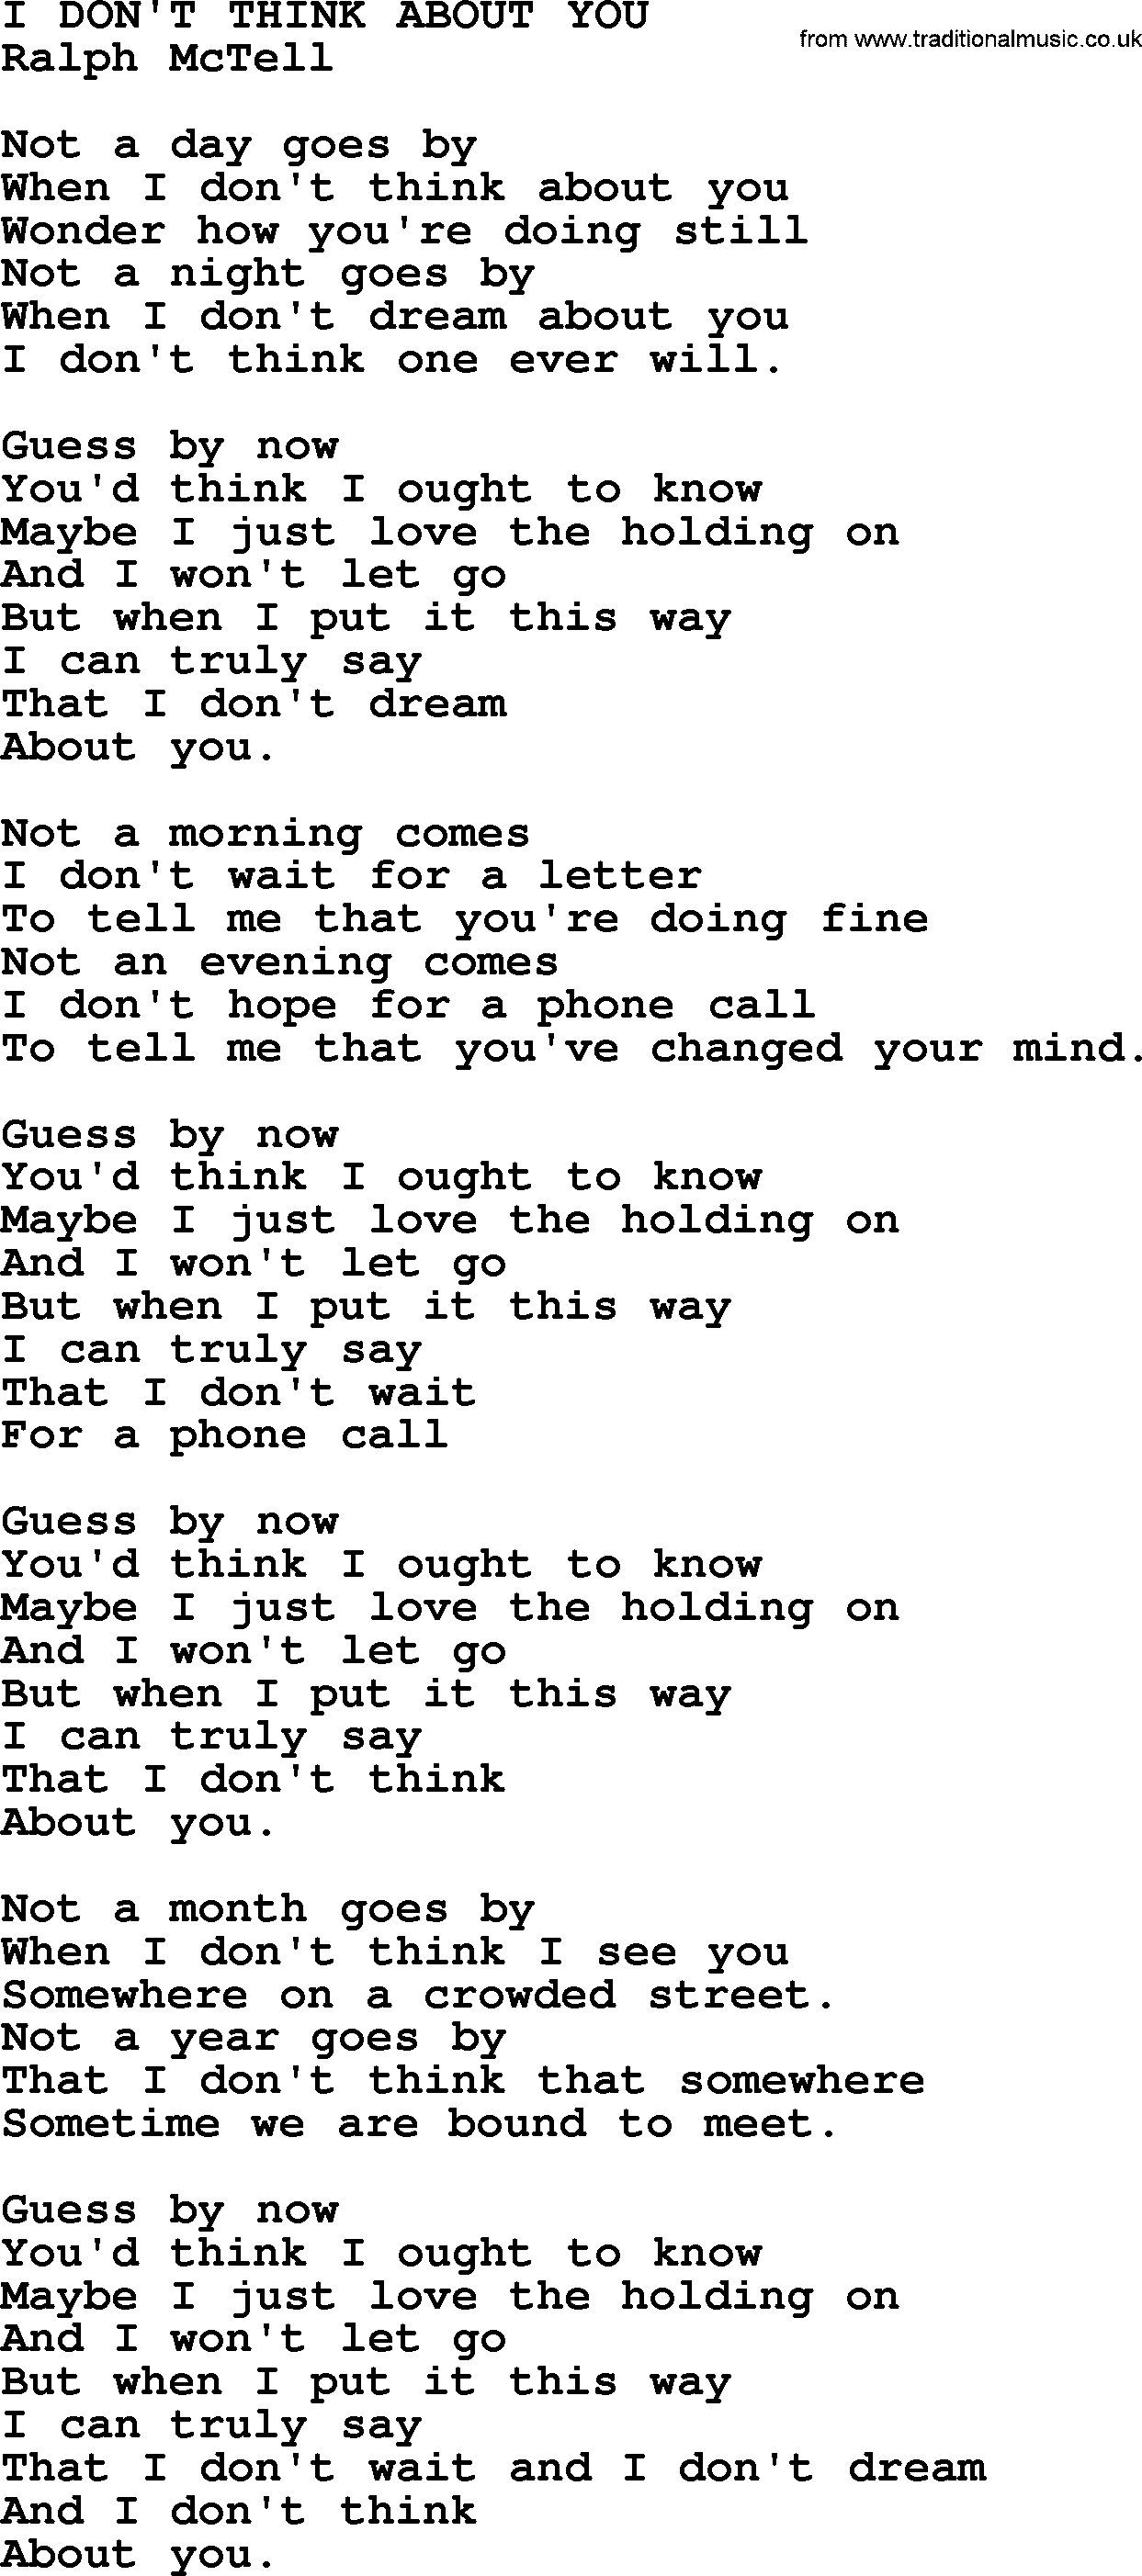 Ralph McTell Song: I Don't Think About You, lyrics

***

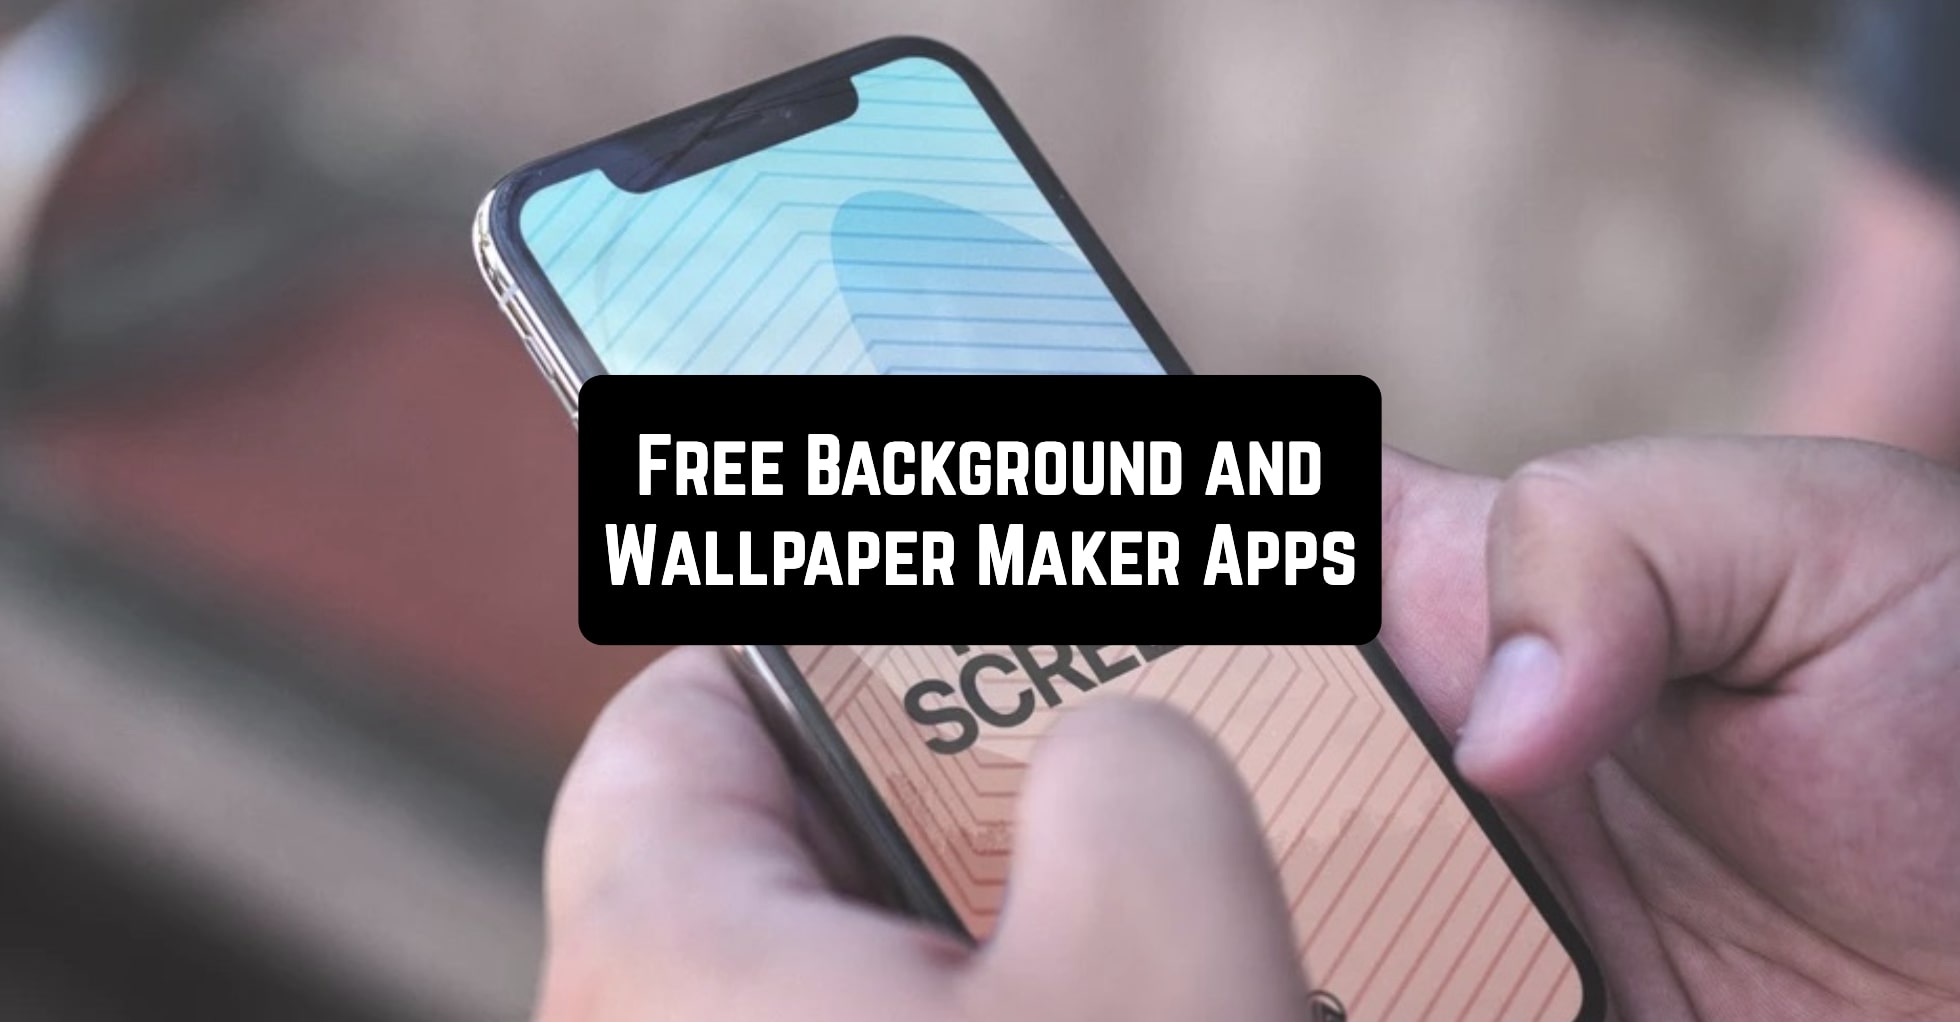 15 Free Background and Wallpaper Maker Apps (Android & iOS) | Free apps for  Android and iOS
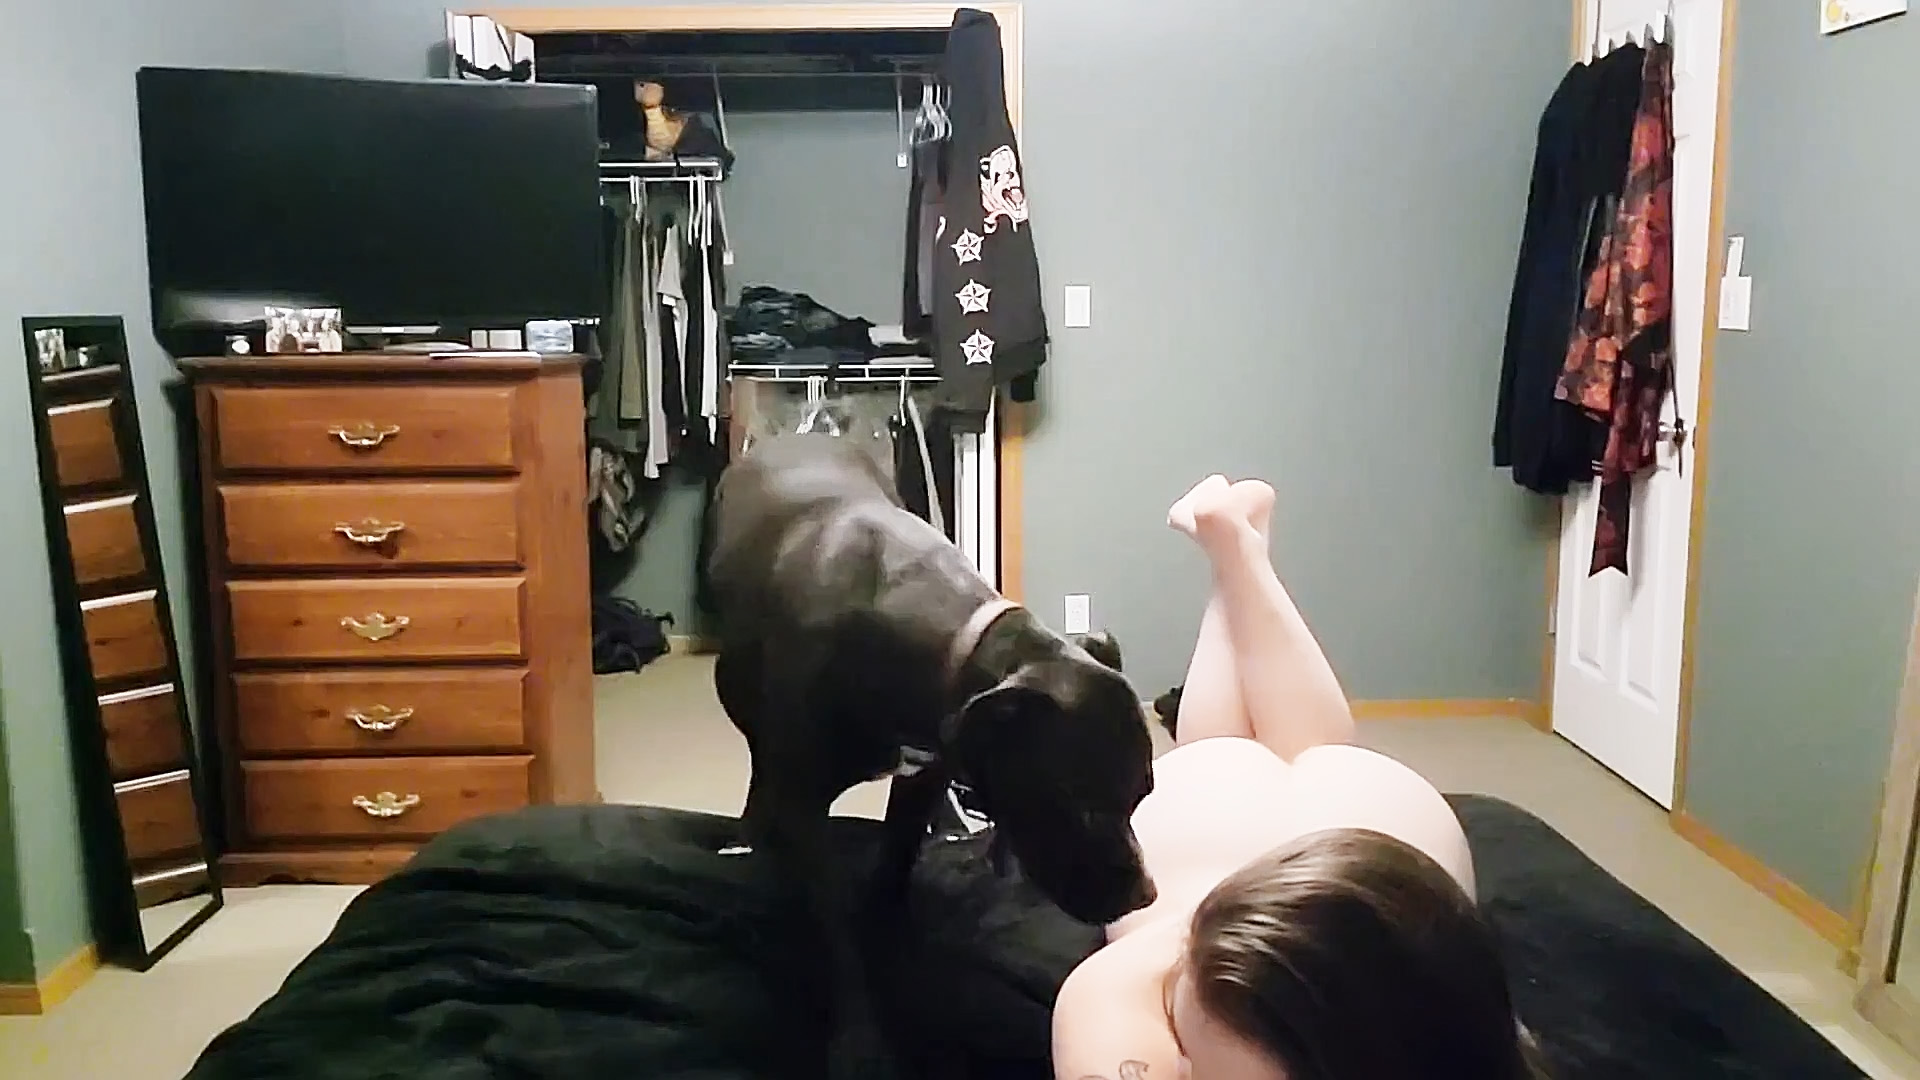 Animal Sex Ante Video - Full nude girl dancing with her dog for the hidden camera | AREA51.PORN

***

For this exercise, set down the lines in the entries above from the one with "15 Free Background" through the one with "Animal Sex Ante" exactly as written, without any pictures.

 15 Free Background and Wallpaper Maker Apps (Android & iOS) | Free apps for  Android and iOS
 Animal Sex Ante Video - Full nude girl dancing with her dog for the hidden camera | AREA51.PORN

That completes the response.